With viral misinformation about the deadly coronavirus in China spreading rapidly online, some doctors and scientists have taken to social media to fight back against false reports.
At least 213 people have died as a result of the outbreak of the new virus, which has been declared a global emergency by the World Health Organization (WHO).
The number of confirmed cases in China has reached almost 10,000 and infections have been reported in at least 18 other countries, surpassing the epidemic of Sars - severe acute respiratory syndrome - in 2003.
With no vaccine currently available against the new virus, social media has been awash with dubious health advice and conspiracy theories that cast doubt on the disease's origin and the scale of the outbreak.
This has prompted some doctors and scientists to push back against online misinformation on the very platforms where it thrives. So far, some of their videos have been watched millions of times on YouTube and gathered thousands of likes on Twitter.

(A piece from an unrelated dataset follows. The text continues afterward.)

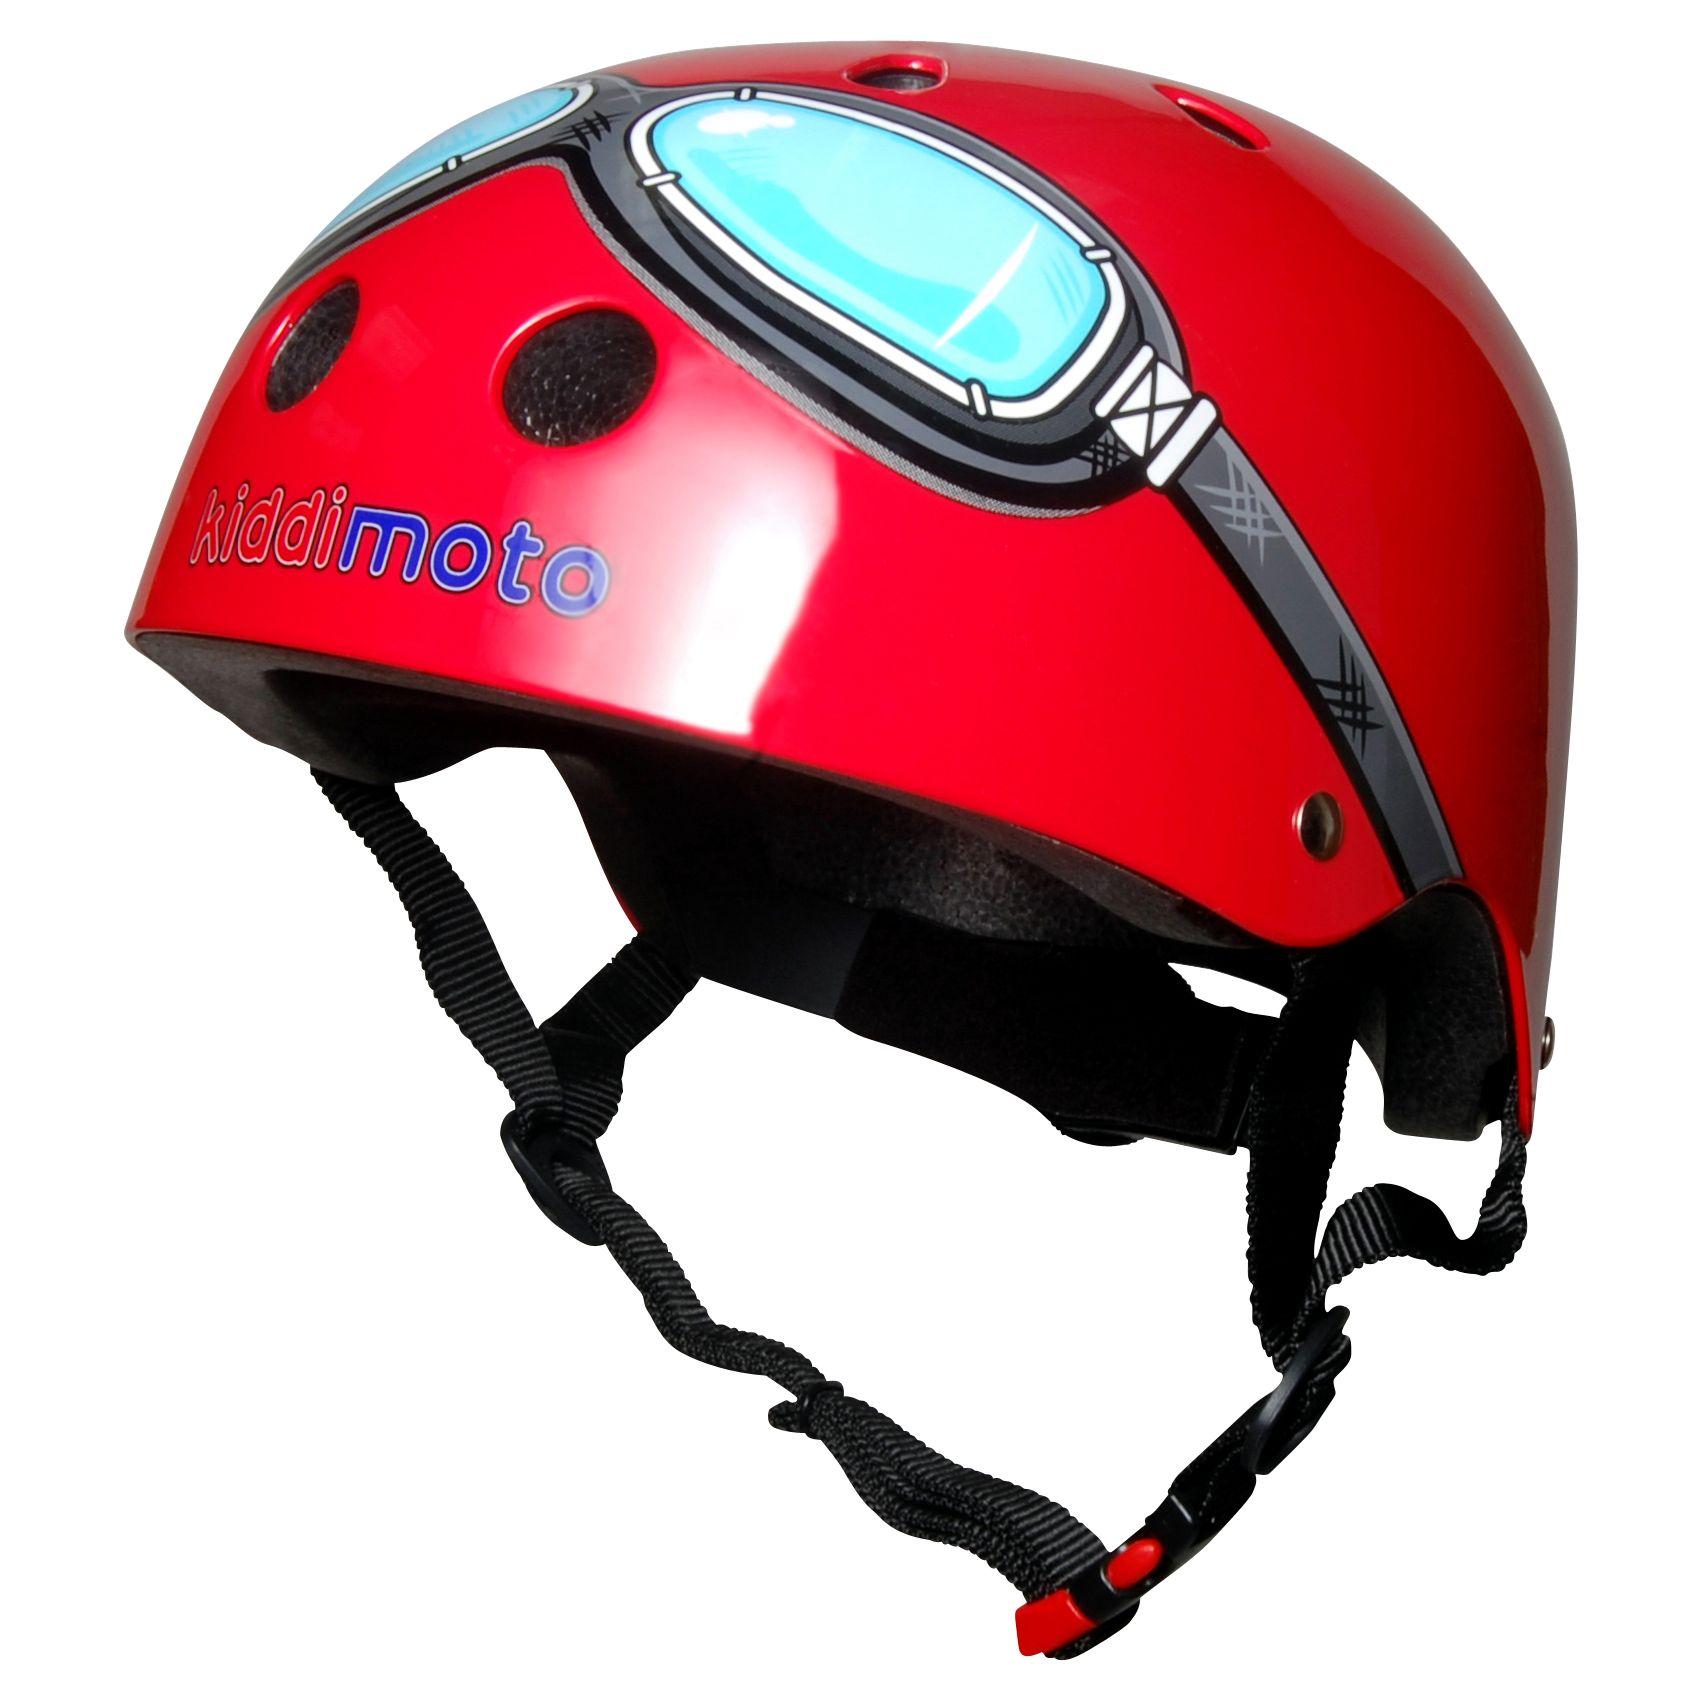 Kiddimoto Kiddimoto Red Goggles Helmet, Small

The WHO has also tweeted advice on how to reduce the risk of infection.
BBC Monitoring has been looking into some of the advice put online and the reaction to it.
Dr Mikhail Varshavski, known online as Dr Mike, is a Russian-American celebrity doctor and YouTuber, who became famous after appearing in People magazine's 2015 issue of the Sexiest Doctor Alive.

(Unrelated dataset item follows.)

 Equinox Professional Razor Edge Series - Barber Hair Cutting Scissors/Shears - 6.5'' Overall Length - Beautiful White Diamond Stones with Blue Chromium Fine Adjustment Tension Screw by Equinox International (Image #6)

Having seen a lot of misinformation online on the coronavirus, he took to his YouTube channel earlier this week to "set the record straight", and offer advice on practical ways to protect yourself from infection.
"There is so much misinformation out there. They take statistics not validated by scientists and put them online. It causes anxiety among the public and creates panic," he told the BBC.
"The reason it is so dangerous is it can lead people to make bad decisions for themselves and their families."
In his clip The Truth About The Coronavirus, watched three million times in two days, Dr Mike has urged his followers not to panic and to treat viral content on the outbreak with caution.
"Please don't think that if you read someone's tweet and it has been retweeted a lot, it's an accurate source of information. It is not. Look for reputable organisations to get your information from," he said, citing the WHO as one example.
He went on to list some of the things users can do to protect themselves, such as regular hand washing and avoiding contact with anyone showing symptoms of a respiratory illness.
On Twitter, scientists and researchers have been using the hashtag #nCoV2019 - the name of the virus - to spread the latest data on the scale and origin of the disease.
One of them is Dr Muge Cevik, an infectious diseases and virology clinician and researcher at the University of St Andrews, who has been summarising the latest research and data available on the virus "to have a better understanding" of it.
This includes information about symptoms associated with the disease, its incubation period and transmission patterns.
Some of the tweets have also addressed unverified claims, such as the virus having an unusually long incubation period.
The thread has been praised by many social media users.
"This is an excellent way of sharing high quality information - thank you," a typical comment read.
No 'unnecessary fear'
Another scientist vocal on Twitter about the outbreak is Lauren Gardner, an associate professor in the Department of Civil and Systems Engineering at Johns Hopkins University in Baltimore.
One of her most popular tweets on the outbreak, contains a link to "real-time" data on the spread of the virus, which has been shared more than 500 times on Facebook and gathered more than 160,000 interactions on the platform.
"We didn't initially do this to counter misinformation," she told the BBC. "We created and shared it as a user-friendly, real-time map as we thought it'd be helpful to the research community and public health authorities.
"We don't want to incite unnecessary fear. So we just present reliable data in a minimal way."